“No,” she said, “I won’t go outside. I won’t sit down. I’ll just stand here, thank you.” She leaned against the wall, tapping with her foot, pulling up her gloves and trying to smile. But deep inside her a little girl threw her pinafore over her head and sobbed. Why had he spoiled it all?
“I say, you know,” said the fat man, “you mustn’t take me seriously, little lady.”
“As if I should!” said Leila, tossing her small dark head and sucking her underlip....
Again the couples paraded. The swing doors opened and shut. Now new music was given out by the bandmaster. But Leila didn’t want to dance any more. She wanted to be home, or sitting on the veranda listening to those baby owls. When she looked through the dark windows at the stars, they had long beams like wings....

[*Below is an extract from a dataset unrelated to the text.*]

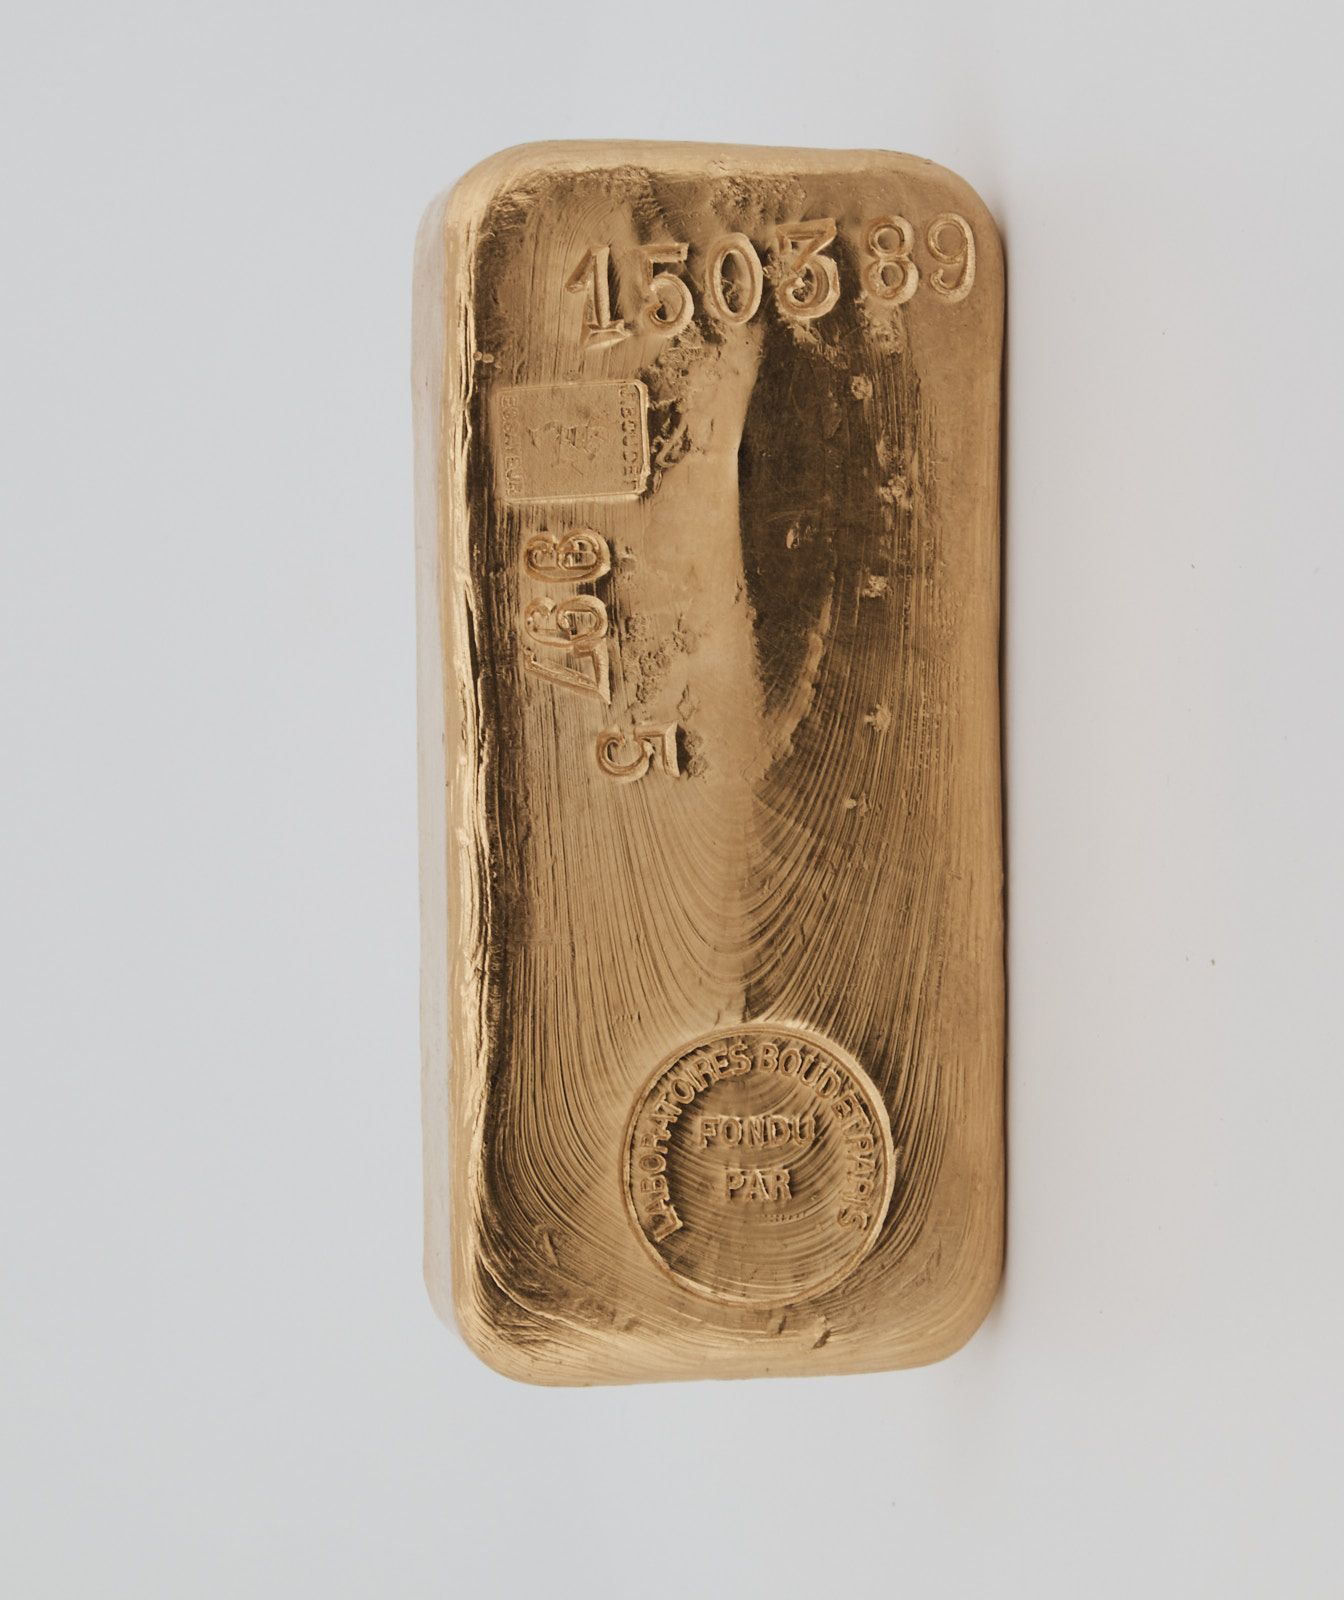 200- Lingot d'or de 987,5g numéroté 150389- sans bulletin- Laboratoire BOUDET
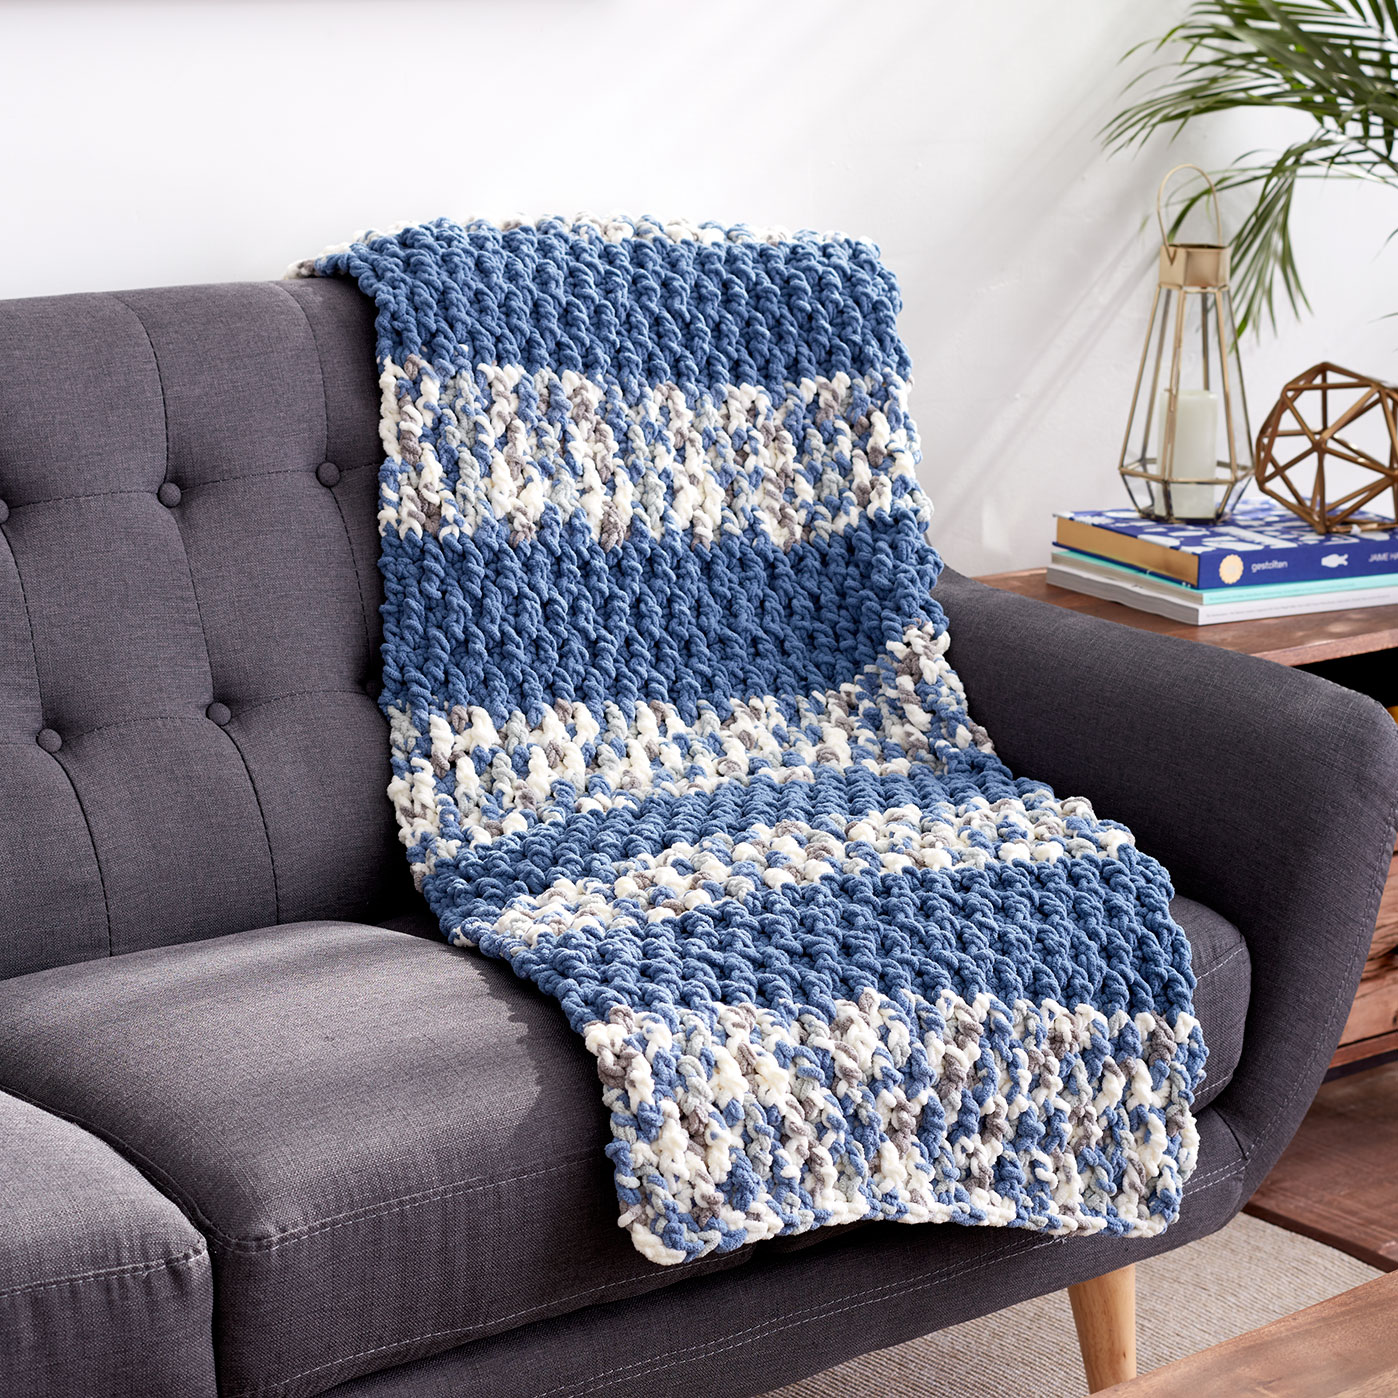 Bernat  Blanket  Lush Stripes Crochet Blanket

But presently a soft, melting, ravishing tune began, and a young man with curly hair bowed before her. She would have to dance, out of politeness, until she could find Meg. Very stiffly she walked into the middle; very haughtily she put her hand on his sleeve. But in one minute, in one turn, her feet glided, glided. The lights, the azaleas, the dresses, the pink faces, the velvet chairs, all became one beautiful flying wheel. And when her next partner bumped her into the fat man and he said, “Pardon,” she smiled at him more radiantly than ever. She didn’t even recognize him again.
The Singing Lesson
With despair—cold, sharp despair—buried deep in her heart like a wicked knife, Miss Meadows, in cap and gown and carrying a little baton, trod the cold corridors that led to the music hall. Girls of all ages, rosy from the air, and bubbling over with that gleeful excitement that comes from running to school on a fine autumn morning, hurried, skipped, fluttered by; from the hollow class-rooms came a quick drumming of voices; a bell rang; a voice like a bird cried, “Muriel.” And then there came from the staircase a tremendous knock-knock-knocking. Some one had dropped her dumbbells.
The Science Mistress stopped Miss Meadows.
“Good mor-ning,” she cried, in her sweet, affected drawl. “Isn’t it cold? It might be win-ter.”
Miss Meadows, hugging the knife, stared in hatred at the Science Mistress. Everything about her was sweet, pale, like honey. You would not have been surprised to see a bee caught in the tangles of that yellow hair.